WARTABANJAR.COM, TANJUNG – Drama hilangnya seorang warga Muara Uya bernama Muriati akhirnya berakhir bahagia. Setelah dilaporkan tidak kembali dari kebun sejak Rabu pagi, 10 Desember 2025, Muriati berhasil ditemukan selamat pada Kamis pagi, 11 Desember 2025, di sebuah pondok milik warga.

Keluarga mulai cemas ketika Muriati tidak kunjung pulang hingga malam hari dan langsung melaporkan kejadian itu kepada aparat desa. Menindaklanjuti laporan tersebut, tim gabungan dari Aparat Desa Muara Uya dan Desa Santuun, BPBD Tabalong, Koramil Muara Uya, serta Polsek Muara Uya segera bergerak cepat membentuk tim pencarian.

Kapolsek Muara Uya IPDA Rahmadi, S.H., mengungkapkan bahwa Muriati ditemukan dalam kondisi sehat meski tampak kelelahan akibat terlalu lama berada di area kebun.

Dari keterangan yang diterima, Muriati sempat kebingungan dan lupa arah jalan pulang, sehingga memutuskan beristirahat di pondok warga hingga pagi.

“Alhamdulillah, warga yang dilaporkan belum kembali dari kebun dapat ditemukan dalam keadaan selamat. Yang bersangkutan tidak ingat jalan kembali dan memilih berteduh di pondok warga. Saat ini sudah dijemput keluarga dan petugas untuk pemeriksaan kesehatan lanjutan,” ujar IPDA Rahmadi.

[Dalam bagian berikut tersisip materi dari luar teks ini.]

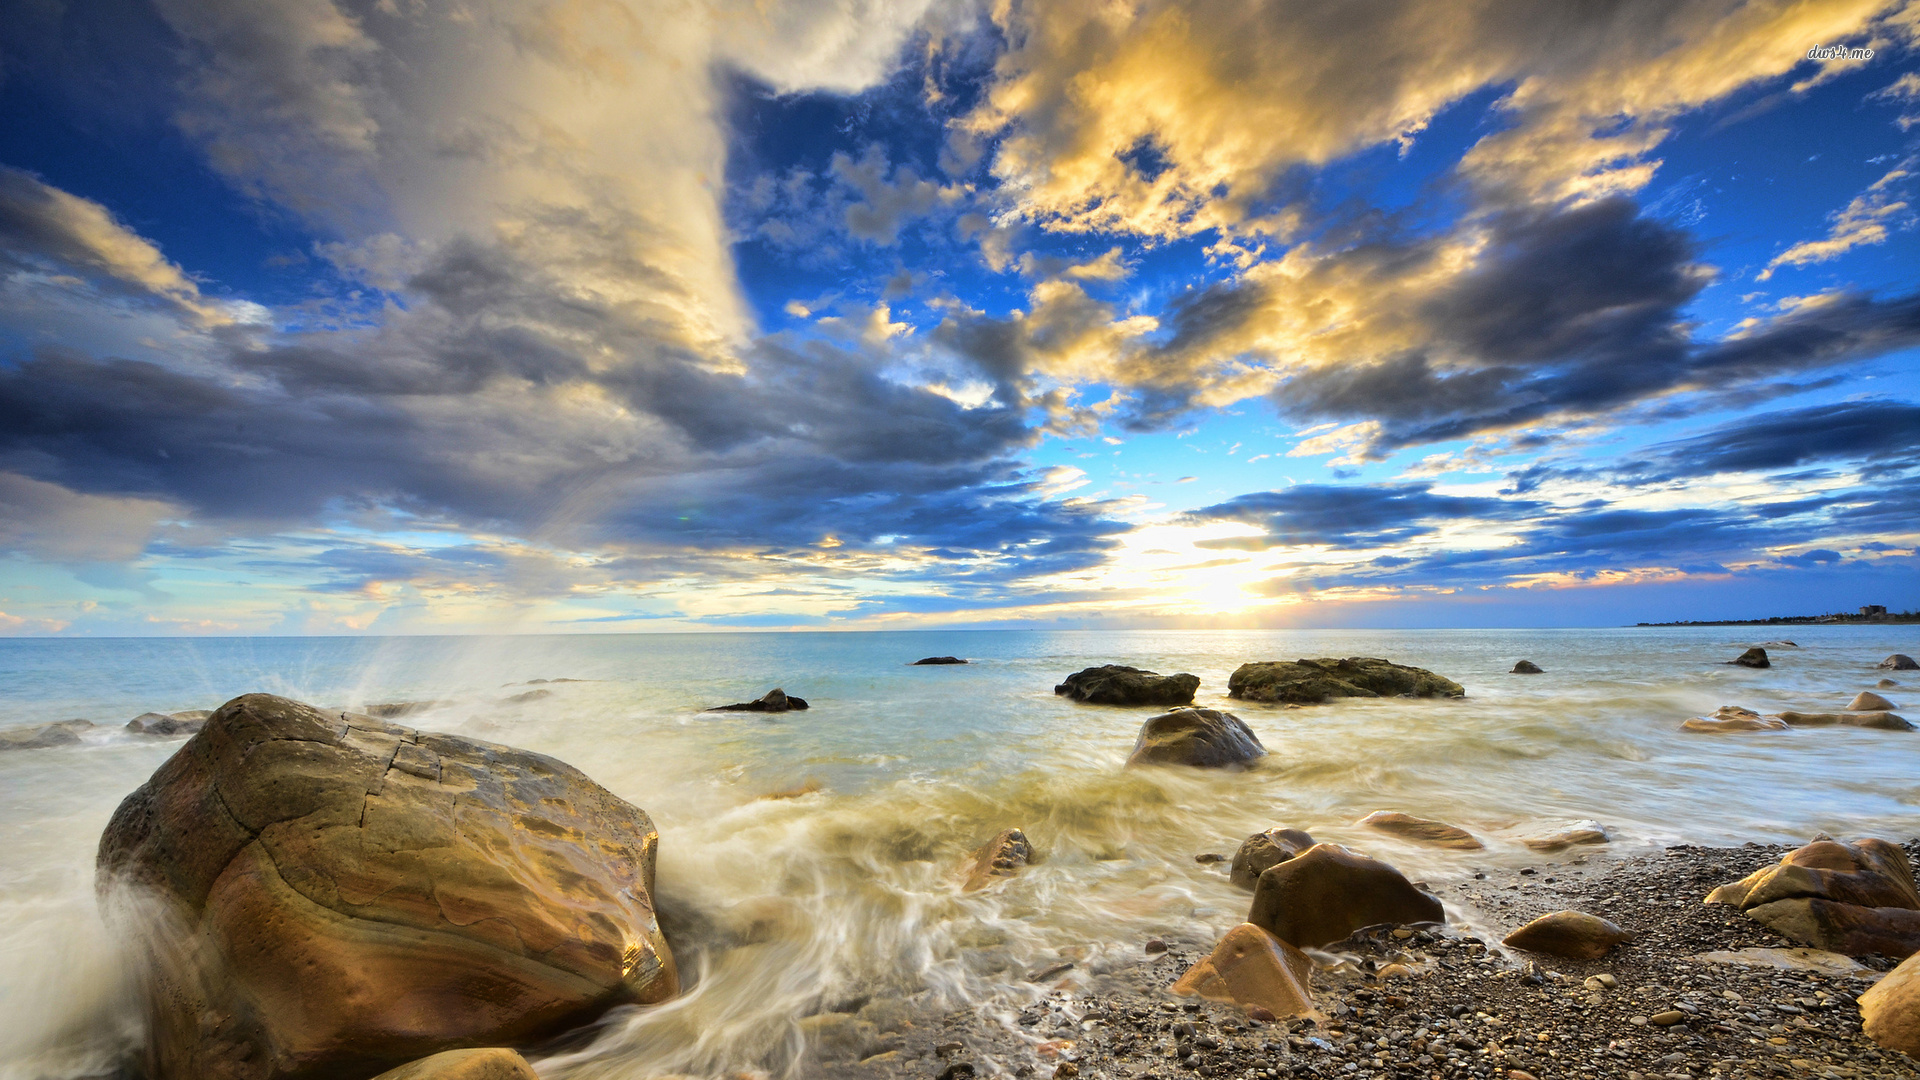 Beautiful clouds over rocky shore wallpaper - Beach wallpapers - #35207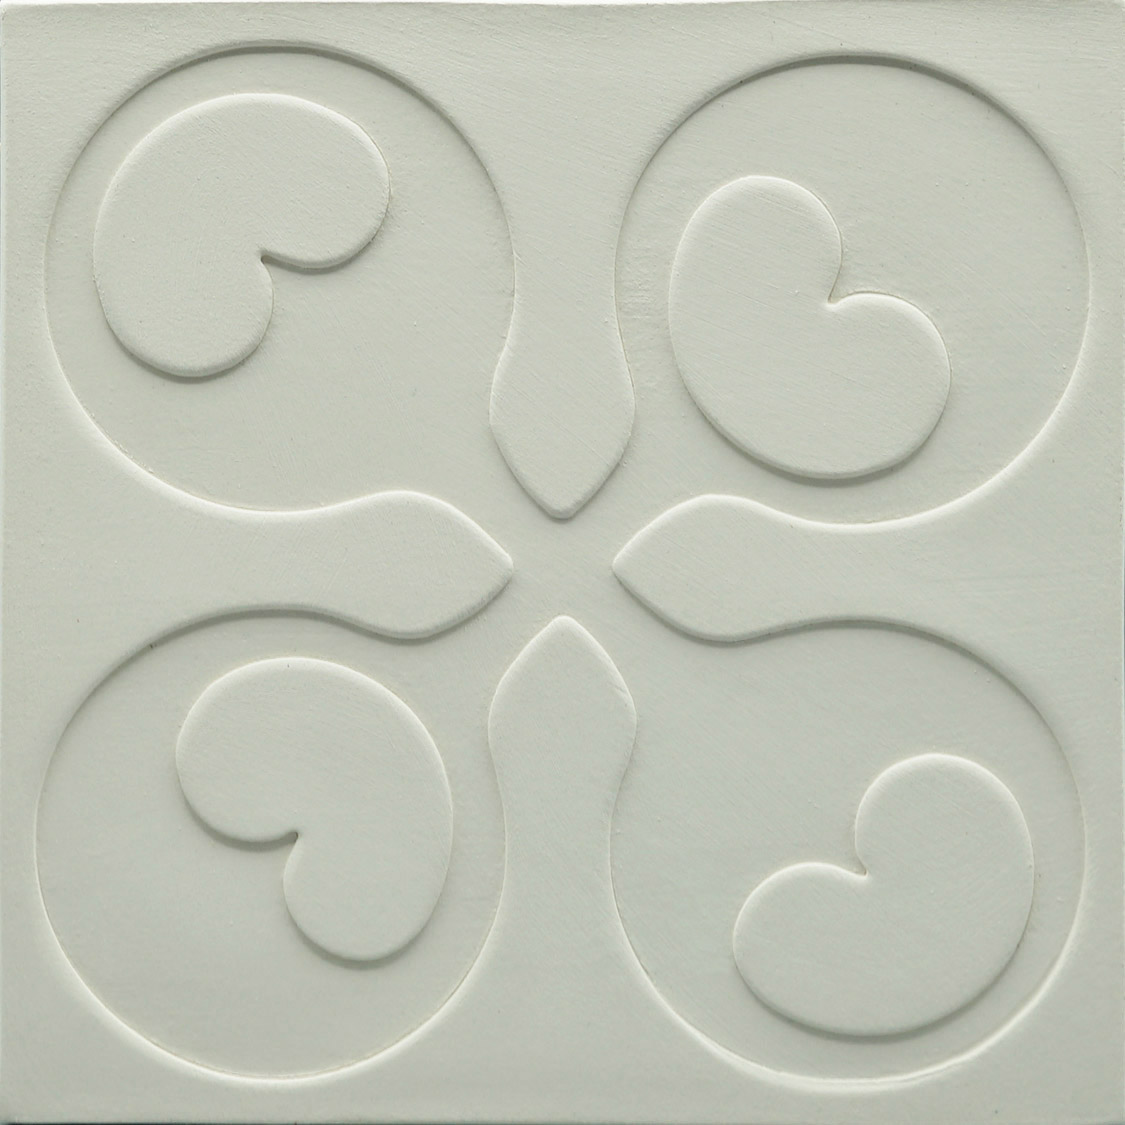 Thumbnail of a four symmetrical connected circles with heart shapes in each quadrant for villa.

Kapolres Tabalong AKBP Wahyu Ismoyo J., S.I.K., M.H., M.Tr.Opsla, melalui Kasi Humas, turut menyampaikan rasa syukur atas ditemukannya Muriati.

“Kami berterima kasih kepada semua pihak yang turun langsung membantu pencarian — Polsek Muara Uya, BPBD, Koramil, aparat desa, hingga masyarakat yang bekerja sama tanpa kenal lelah,” ujarnya.

Kapolres juga mengingatkan pentingnya kewaspadaan bagi masyarakat yang sering beraktivitas di kebun atau wilayah terpencil.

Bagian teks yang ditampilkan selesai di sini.